This paper investigates a new fault detection method for induction machines diagnosis. The proposed detection method is based on hypothesis testing. The decision is made between two hypotheses: the machine is healthy and the machine is faulty. The generalized likelihood ratio test is used to address this issue with unknown signal and noise parameters. To implement this detector, the unknown parameters are replaced by their estimates. Specifically, four estimations are required, which are model order, frequency, phase, and amplitude estimations. The model order is obtained using the Bayesian information criterion.
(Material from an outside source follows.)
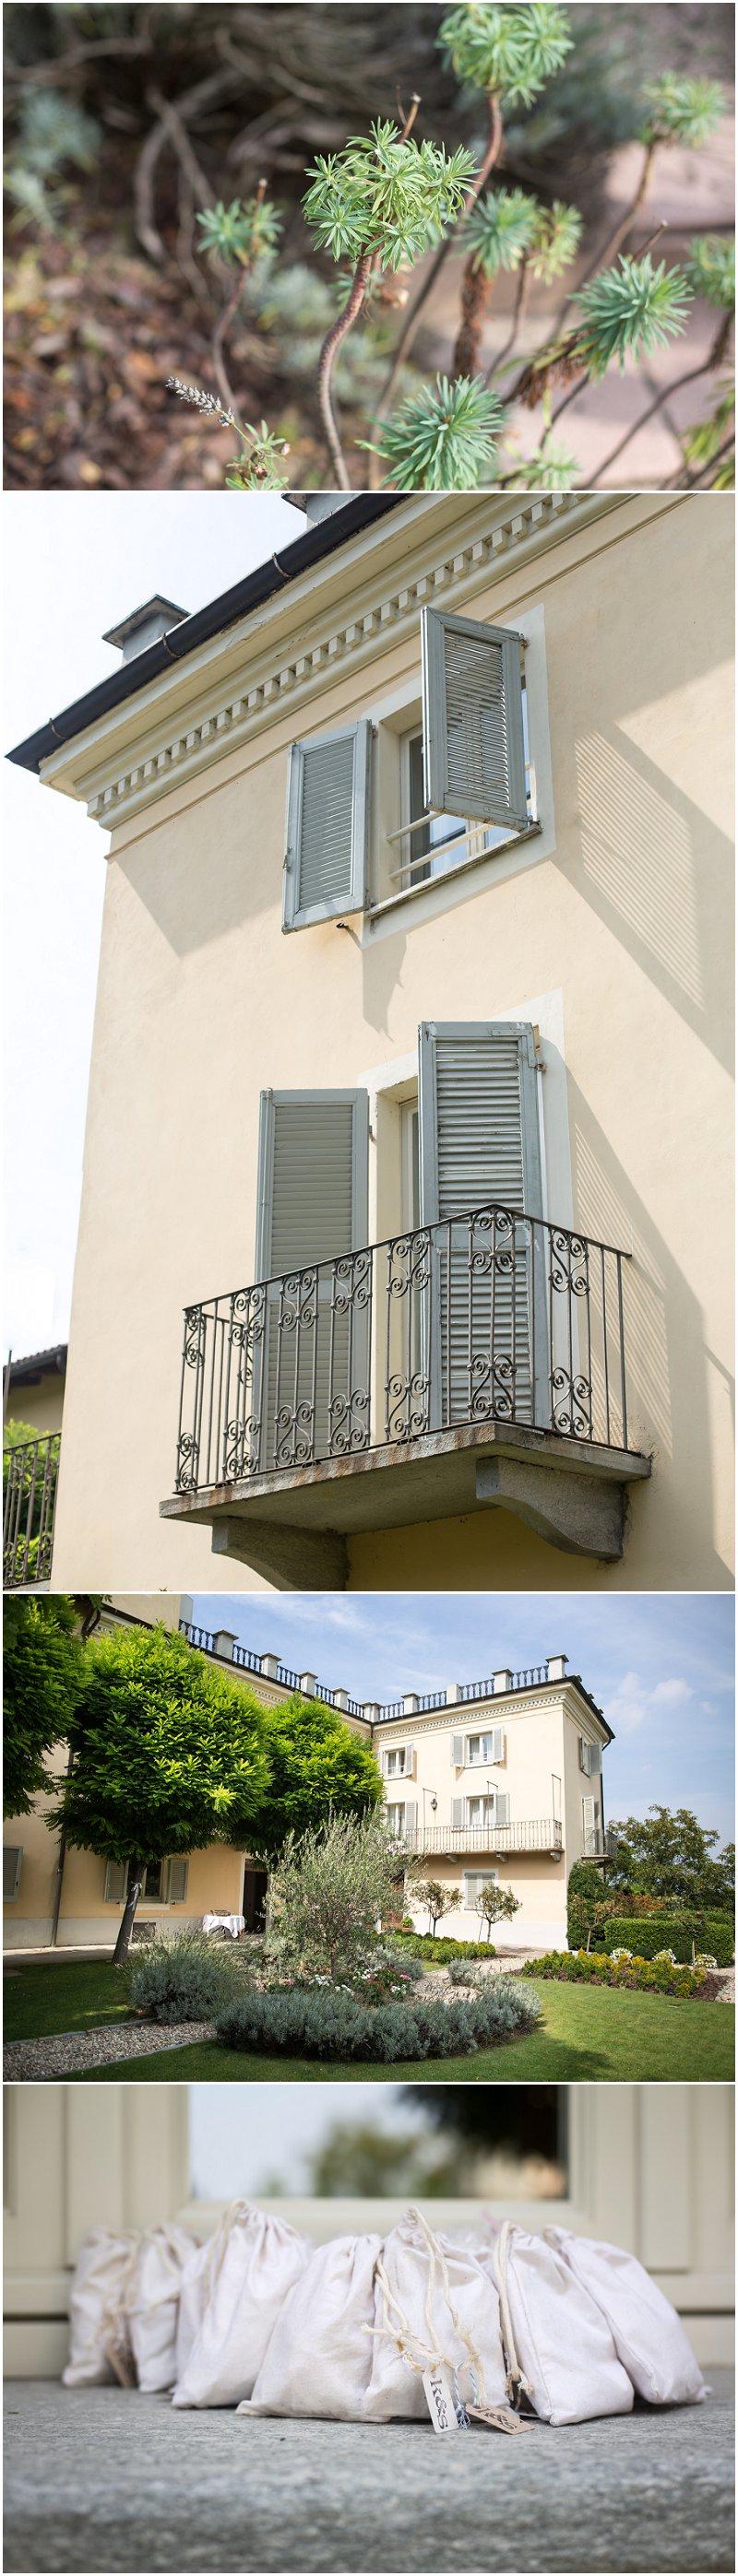 Building details of La Villa Piedmont Italy

Total least-squares estimation of signal parameters via rotational invariance techniques is used to estimate frequencies. Then, phases and amplitudes are obtained using the least-squares estimator. The proposed approach performance is assessed using simulation data by plotting the receiver operating characteristic curves. Two faults are considered: bearing and broken rotor bar faults. Experimental tests clearly show the effectiveness of the proposed detector.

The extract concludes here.